- _TASK BRIEF_
Transcribe the listing exactly, leaving out every picture.

- _STORED DATA_

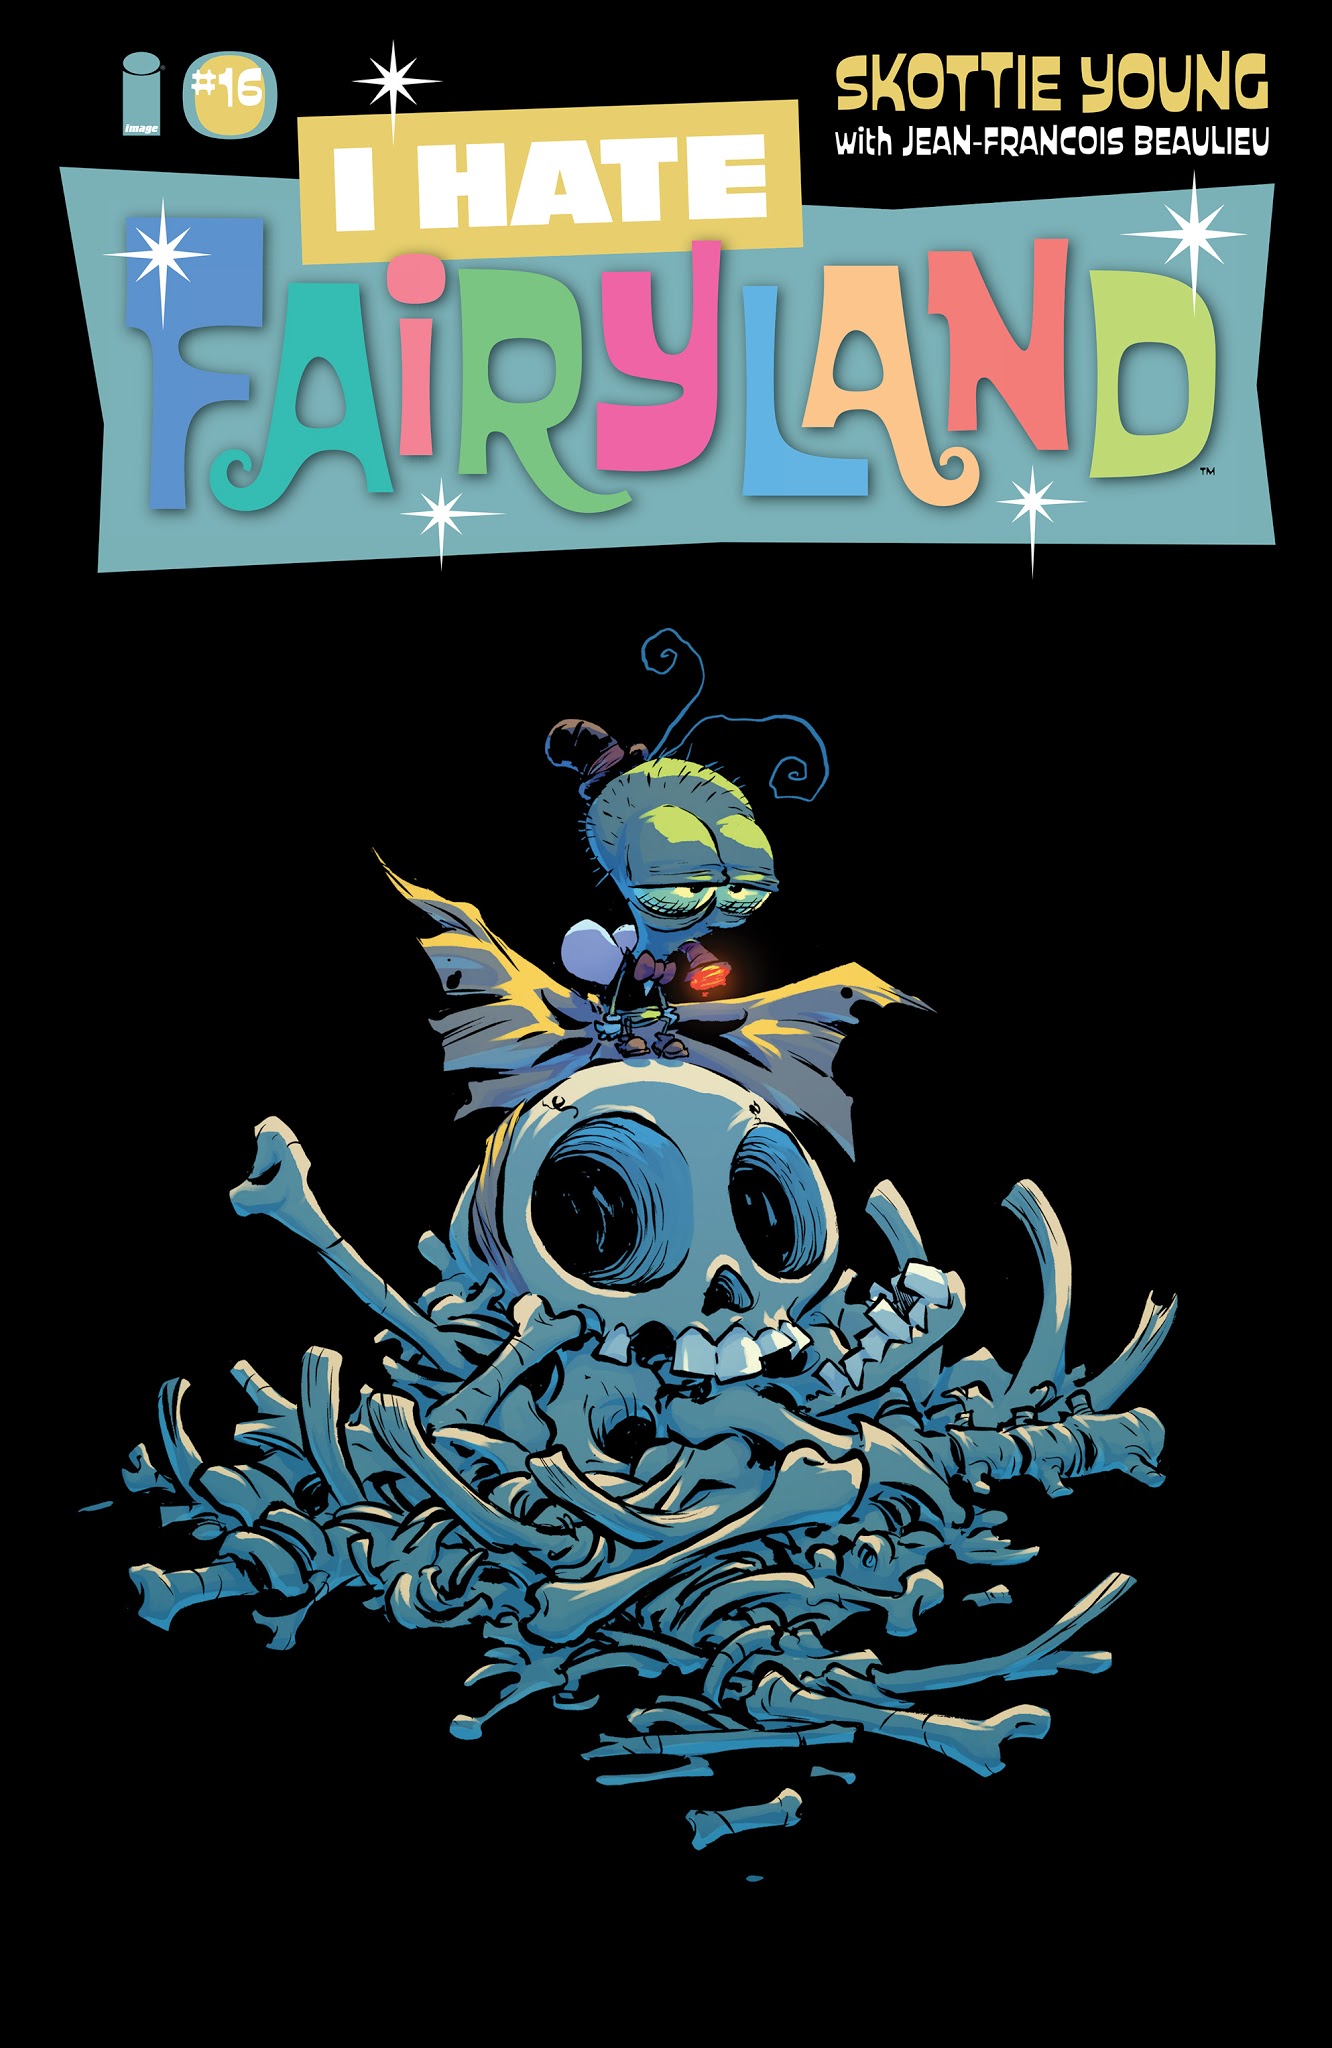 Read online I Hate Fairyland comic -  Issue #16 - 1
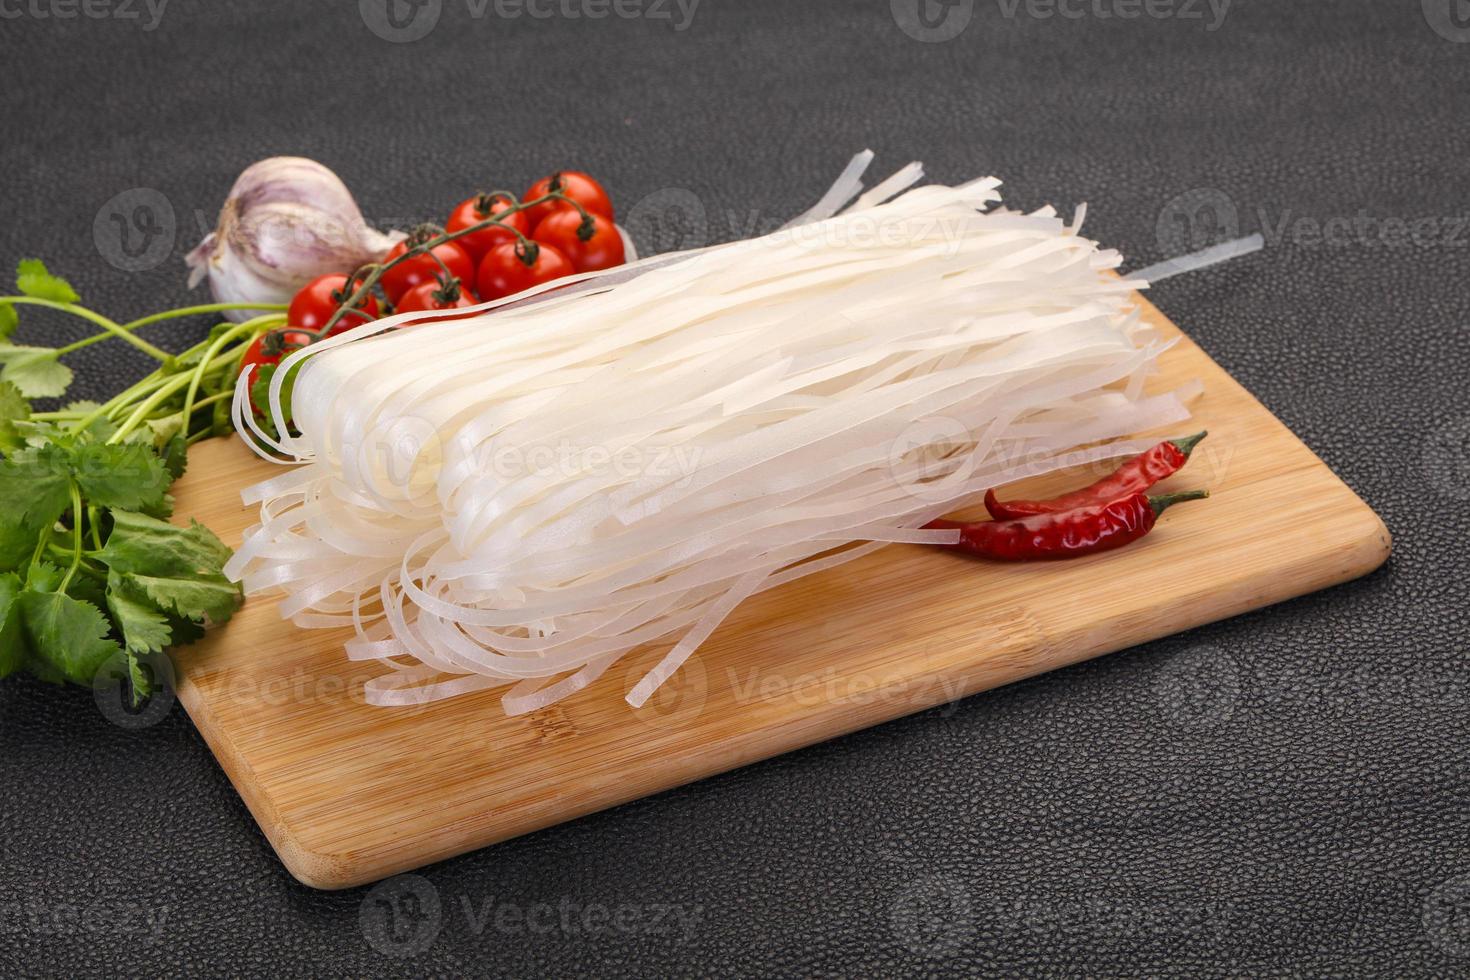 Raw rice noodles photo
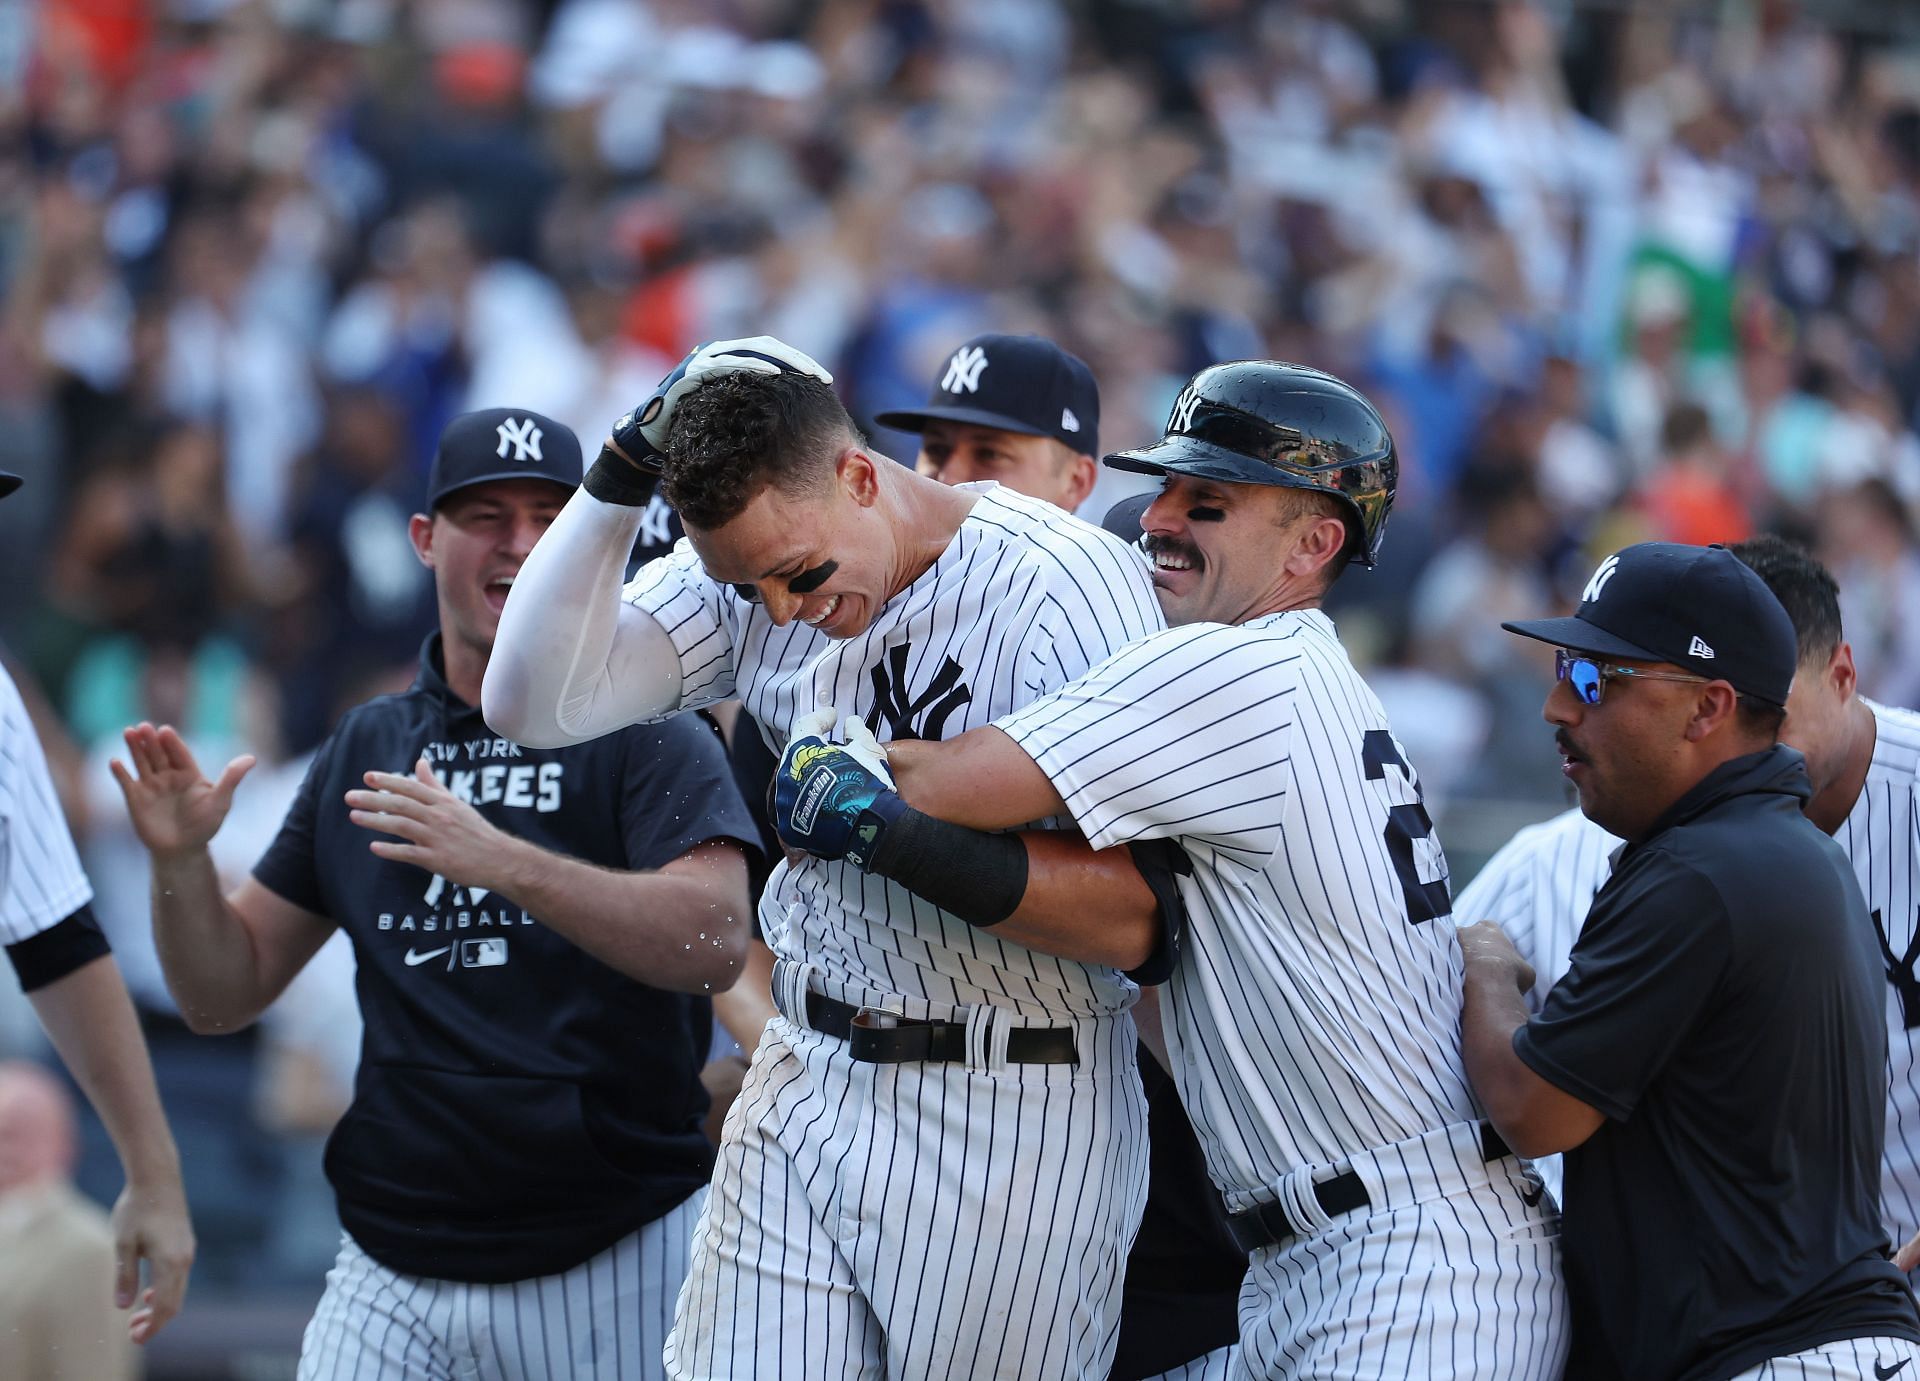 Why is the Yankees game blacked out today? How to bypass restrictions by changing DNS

- _YOUR RESPONSE_
 Read online I Hate Fairyland comic -  Issue #16 - 1
 Raw rice noodles photo
 Why is the Yankees game blacked out today? How to bypass restrictions by changing DNS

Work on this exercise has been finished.